Brief = Here, set down only the lines between the line that contains "Sawpy A95XF2R Android" and the final line of the material, both included, exactly as written. Skip the pictures.

Information supplied =
=-=-=

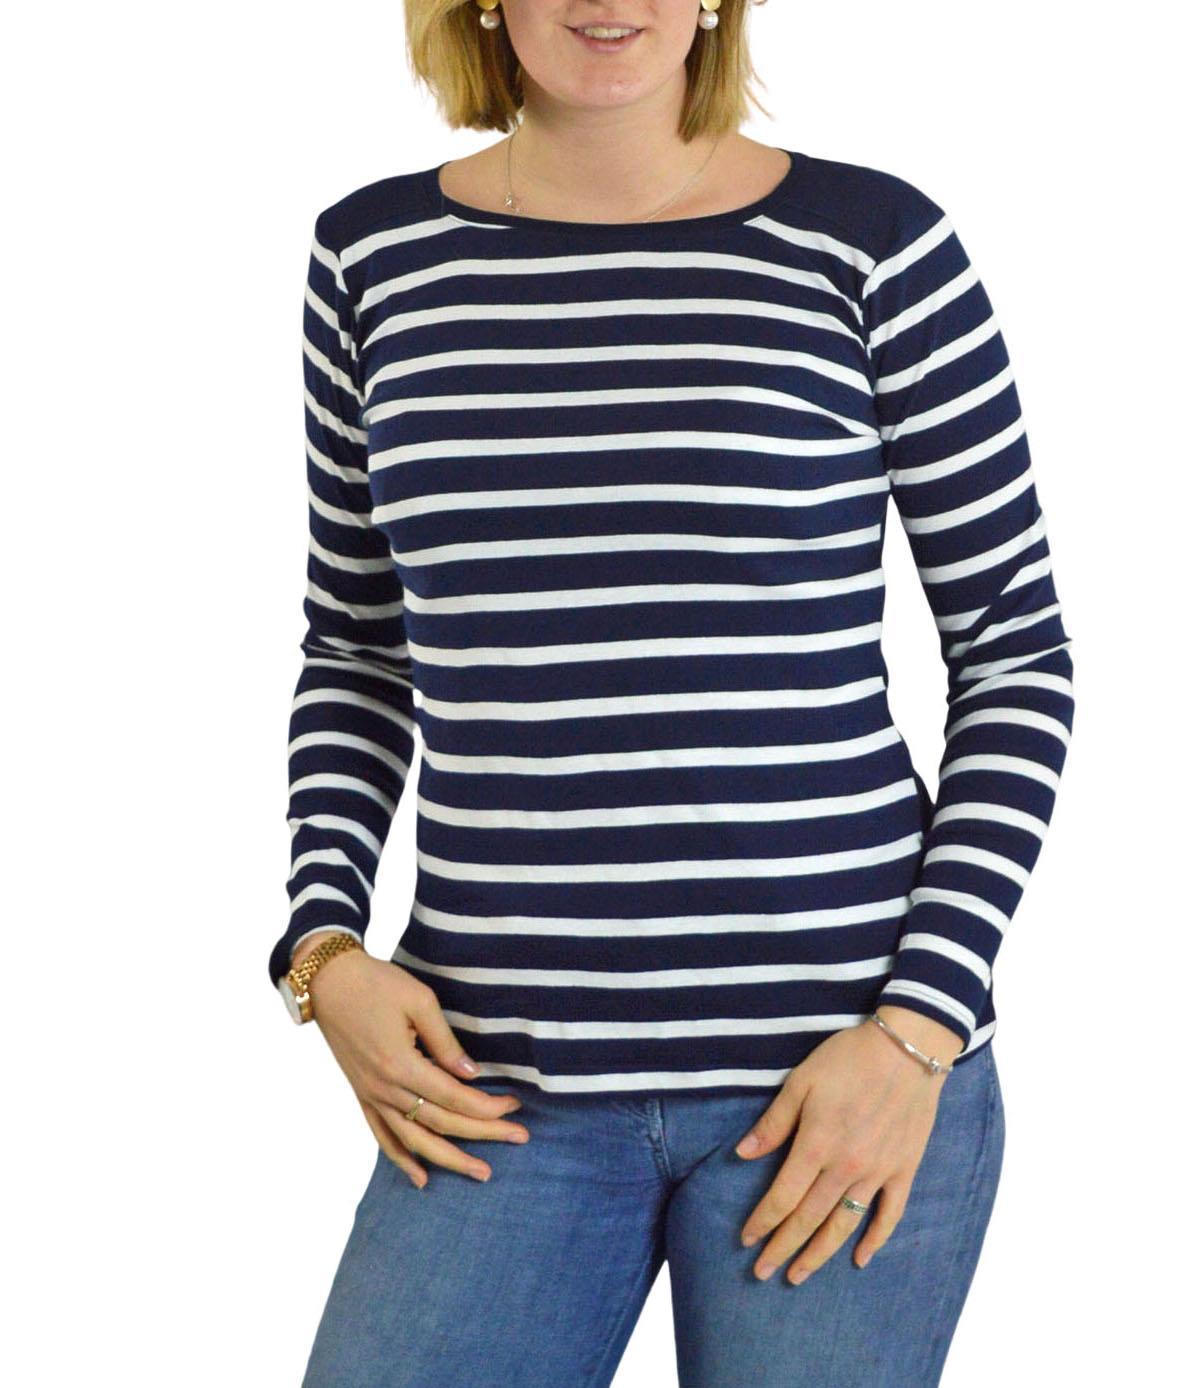 Femmes-noir-ou-bleu-marine-rayure-blanche-a-manches-longues-T-Shirt-Top miniature 9
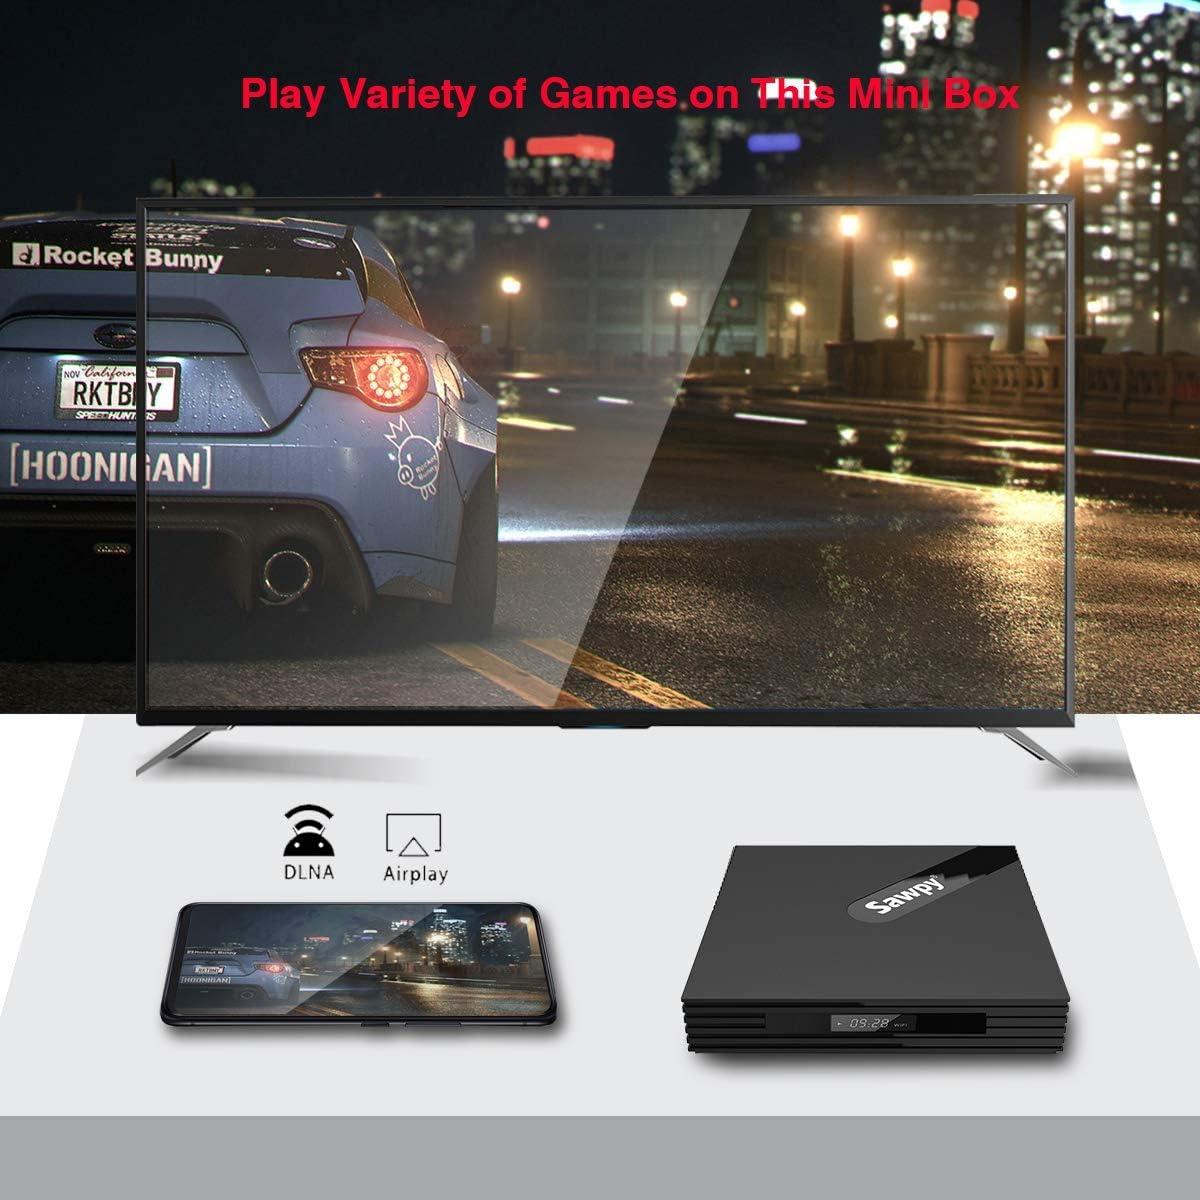 Sawpy A95XF2R Android 9.0 tv Box 2GB ram RK3318 16GB ROM 4K 2.4GHz/&5GHz Dual WiFi Bluetooth 4.2 Smart TV Box 64bit Quad-core Cortex-A53
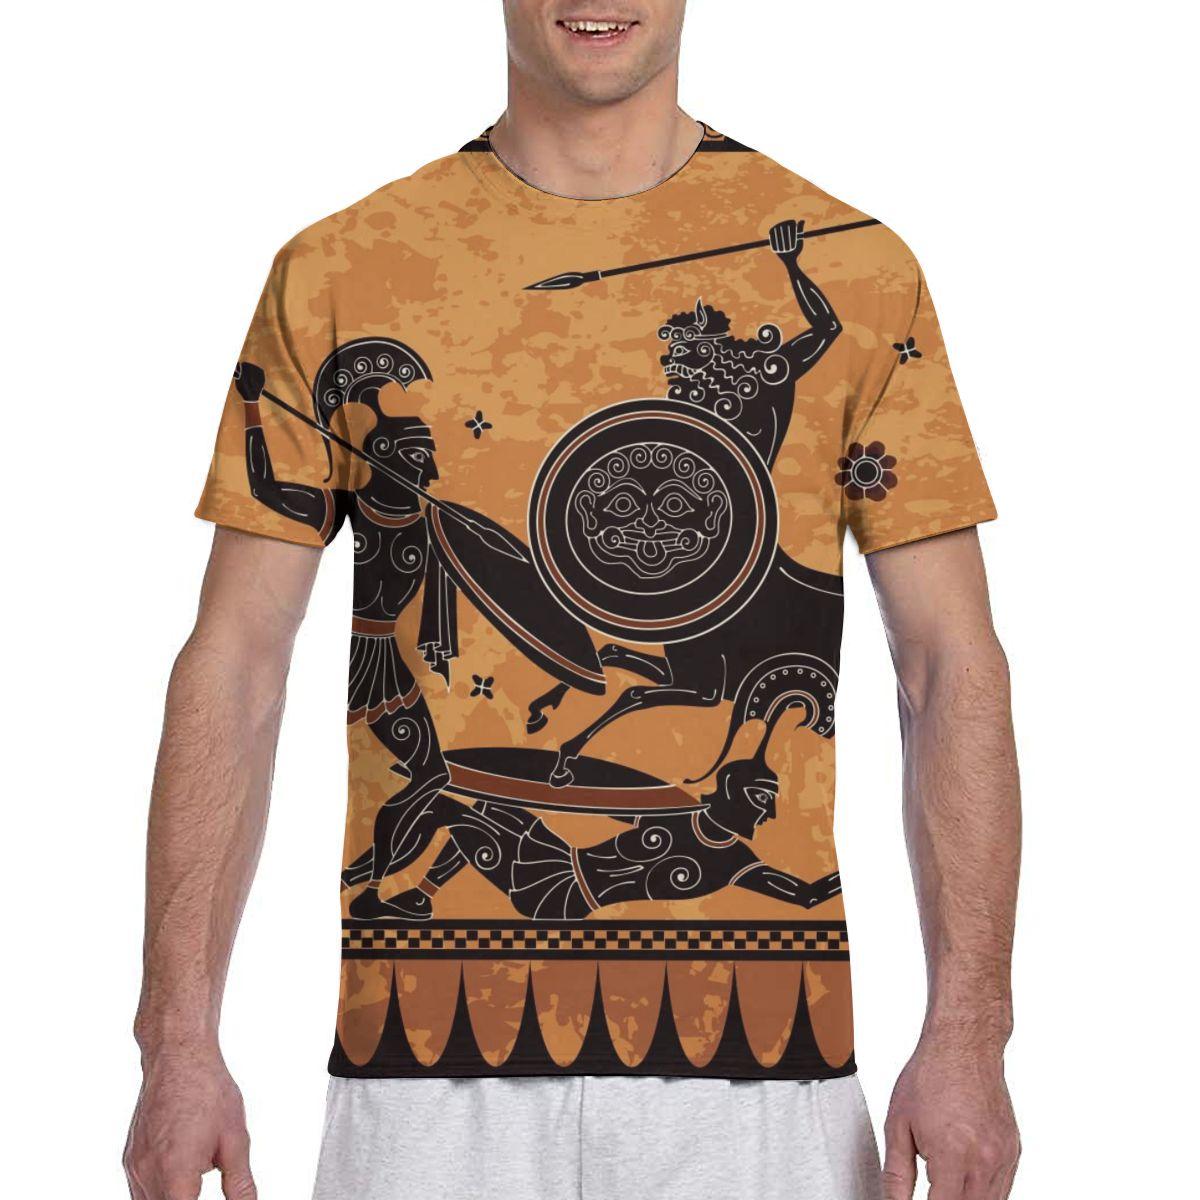 Camiseta a la moda de Guerrero griego antiguo para hombre, camiseta de verano 2020 con cuello redondo para hombre
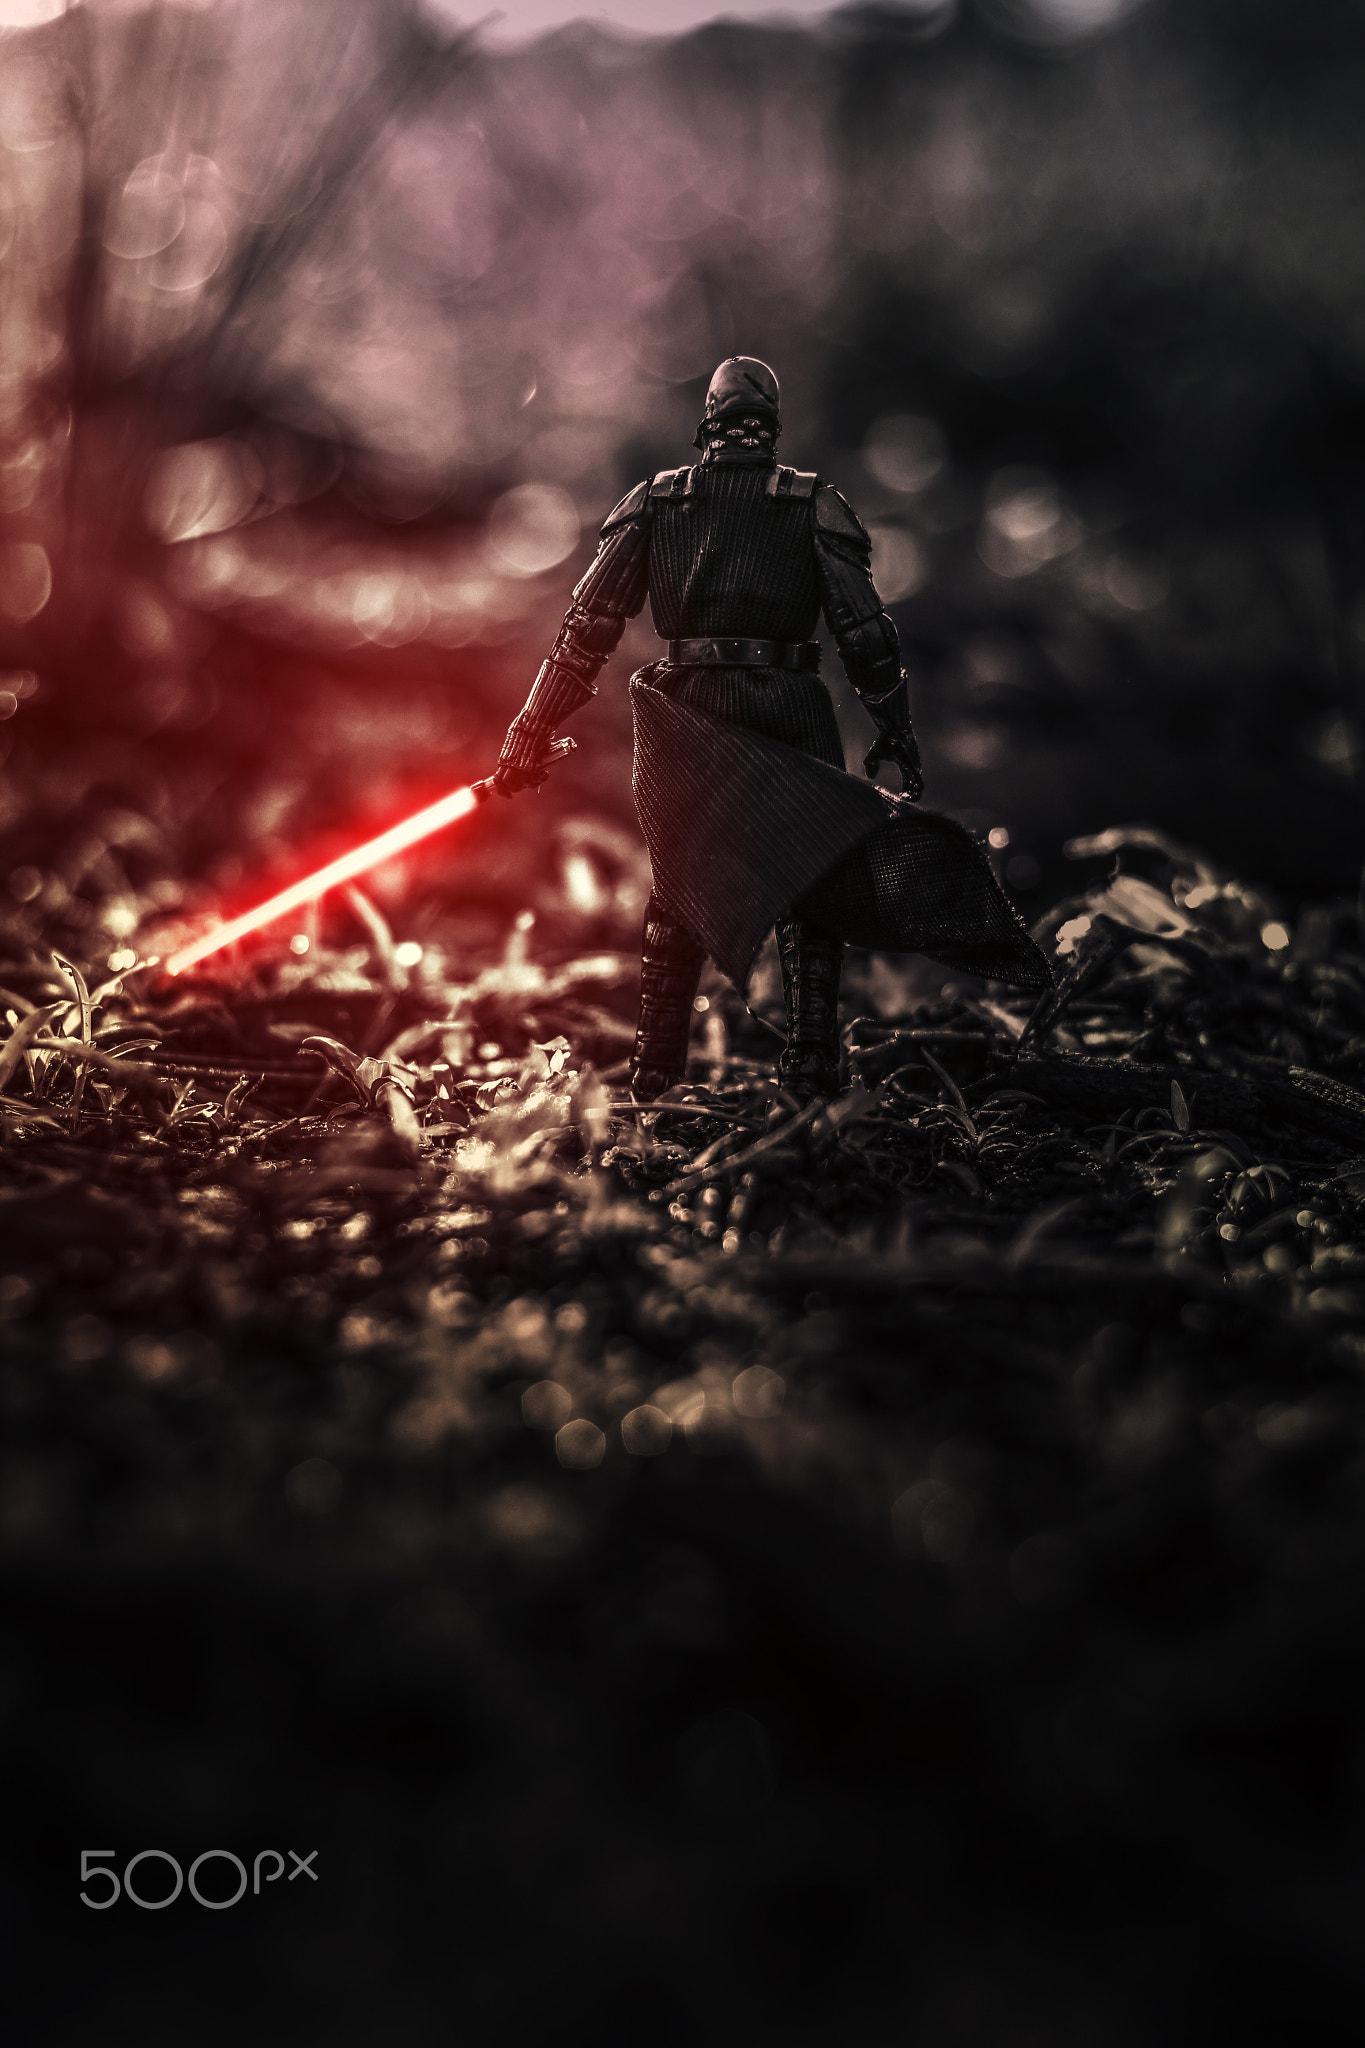 Wallpaper Toys 500px Zahir Batin Darth Vader Anakin

=-=-=

Output below =
 Sawpy A95XF2R Android 9.0 tv Box 2GB ram RK3318 16GB ROM 4K 2.4GHz/&5GHz Dual WiFi Bluetooth 4.2 Smart TV Box 64bit Quad-core Cortex-A53
 Camiseta a la moda de Guerrero griego antiguo para hombre, camiseta de verano 2020 con cuello redondo para hombre
 Wallpaper Toys 500px Zahir Batin Darth Vader Anakin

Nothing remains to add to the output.